En résumé, qu’est-ce que la ferme industrielle ?

  1. La ferme industrielle peut être comprise comme un système de production dans lequel le temps de travail humain relatif est minimisé ou éliminé ; de grandes quantités de capital fixe sont déployées ; La vie des animaux doit être augmentée grâce à l'élevage forcé et ainsi la masse du temps de travail des animaux est également augmentée ; et d’autres formes de capital circulant – comme les aliments pour animaux – doivent être développées pour reproduire cette force de travail animale. Ces processus permettent la surproduction de biens de consommation en tant que résultat. Le succès de ce modèle de ferme industrielle – en tant que modalité de l’agriculture capitaliste – peut être mesuré par la manière radicale dont les régimes alimentaires humains ont changé au cours du siècle dernier en raison de cette surproduction, y compris à travers une évolution sans précédent, en termes planétaires, croissance de la consommation de poulet.
  2. La ferme industrielle, telle que je l'ai décrite, est un tendance vers une intensification qui se poursuit à un rythme soutenu à travers la planète, notamment grâce à une récente poussée en faveur d'une intensification « durable ». Bien qu’il existe certainement de nombreuses formes d’agriculture animale à petite échelle et non intensive dans le monde, et que le travail humain – en particulier le travail dangereux et à faible salaire – est endémique à de nombreuses formes de production intensive, la ferme industrielle représente la trajectoire mondiale généralisée des systèmes d’agriculture animale. La Chine, par exemple, qui possédait traditionnellement une importante industrie de production de porcs de basse-cour, développe actuellement certaines des plus grandes installations intensives au monde.
  3. La tendance partout dans l'agriculture animale est de faire en sorte que tous efficacité du temps de travail – pour les travailleurs humains et non humains. Cette perspective nous oblige à penser l’élevage industriel comme une écologie comprenant un conglomérat de capital fixe, de capital circulant et de travail humain et animal. Différentes stratégies sont utilisées pour les deux différentes forces de travail – humaine et non humaine – au sein de cette écologie. Les humains sont progressivement éloignés de la production à mesure qu’elle s’intensifie, rendant le temps de travail humain plus efficace par son absence. La masse des travailleurs animaux, en revanche, n'est pas réduite mais augmentée ; mais leur travail est rendu plus efficace grâce à d'autres stratégies, notamment grâce à des recherches continues visant à augmenter le rendement et à réduire la durée de vie.
  4. Dans les fermes industrielles, la production devient de plus en plus un processus d’interaction entre les animaux et le capital fixe pour produire de la valeur. Ici, les animaux ont un rapport différent au capital fixe. Pour Marx, la machine apparaît dans un rapport d'antagonisme avec l'ouvrier humain : elle est « un concurrent qui prend le dessus sur l'ouvrier et qui est sans cesse sur le point de le rendre superflu ». Cependant, pour les animaux, les machines ne remplacent pas leur travail. Au lieu de cela, le capital fixe – machines, enclos et technologies – confronte les animaux comme des adversaires horribles et omniprésents, les forçant à produire de la valeur, leur ôtant la vie à la fin du processus. Ceci décrit bien sûr parfaitement l’élevage industriel et son horreur particulière – nous assistons aujourd’hui à la confrontation brutale entre la vie animale et le capital fixe au sein du processus de production capitaliste.

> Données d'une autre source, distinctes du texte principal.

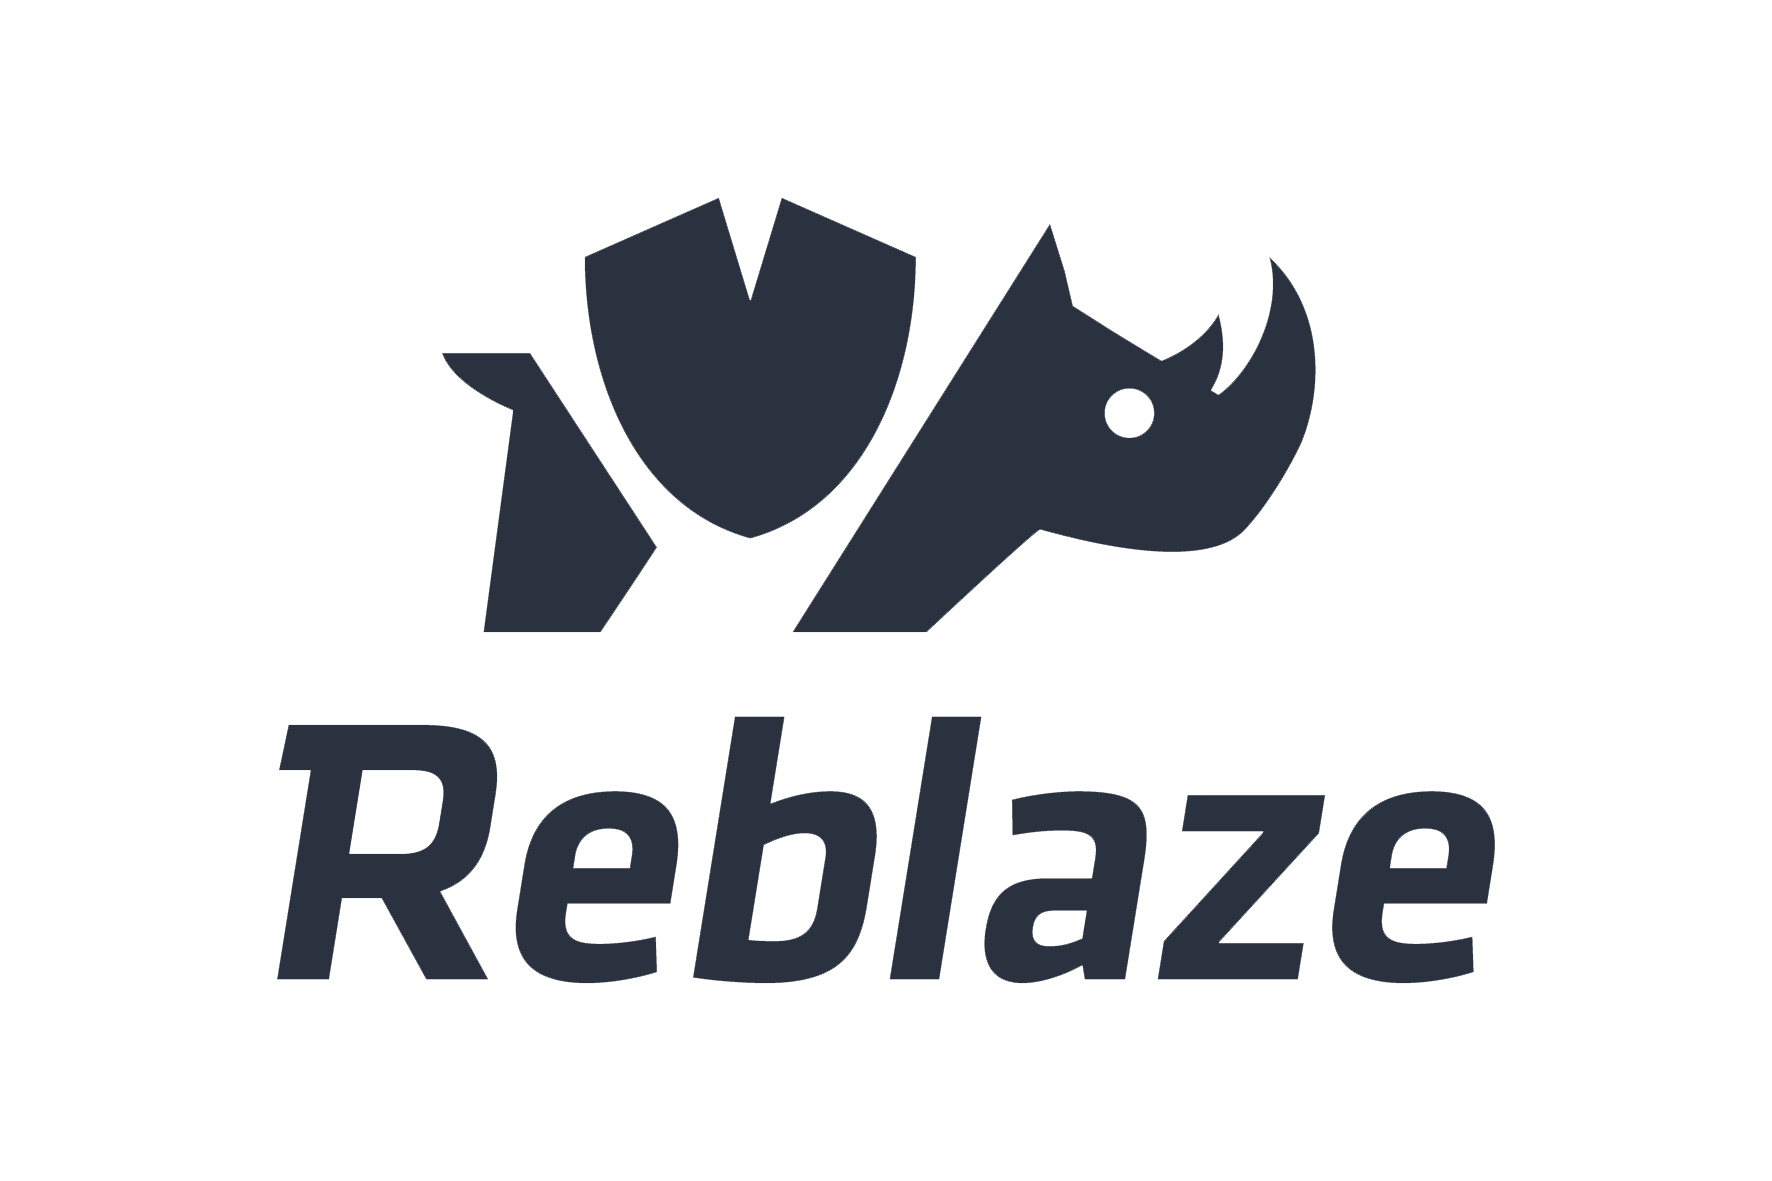 Reblaze logo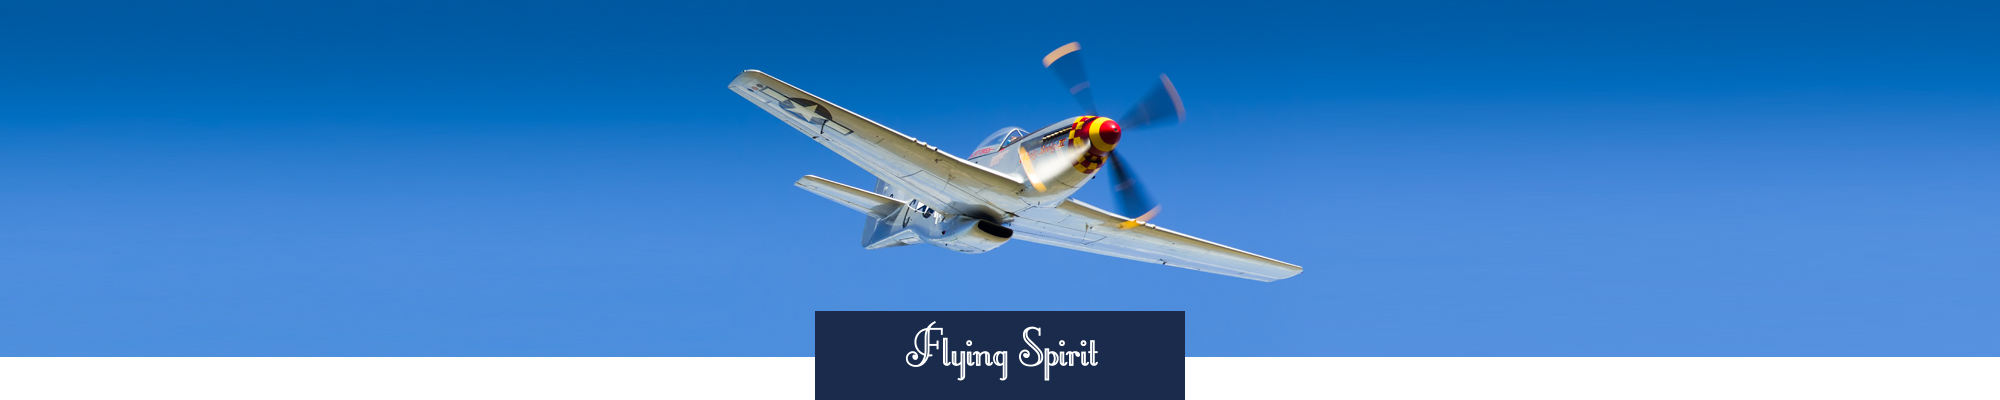 Show aérien Flying Spirit par Bleuciel

Le but de mon livre est de pousser la pensée marxiste et de gauche vers une nouvelle compréhension de la relation entre le capitalisme et la vie animale. Le défi qui nous attend est d’œuvrer pour un avenir qui libère tous les travailleurs des corvées pénibles, insatisfaisantes et mortelles du travail sous le capitalisme.

*Animaux et capital n'aurait pas pu être écrit sans l'engagement intellectuel et la provocation du Past & Present Reading Group de l'Université de Sydney. Mes remerciements également à Alex Blanchette pour son engagement qui a contribué à affiner les idées de cet article.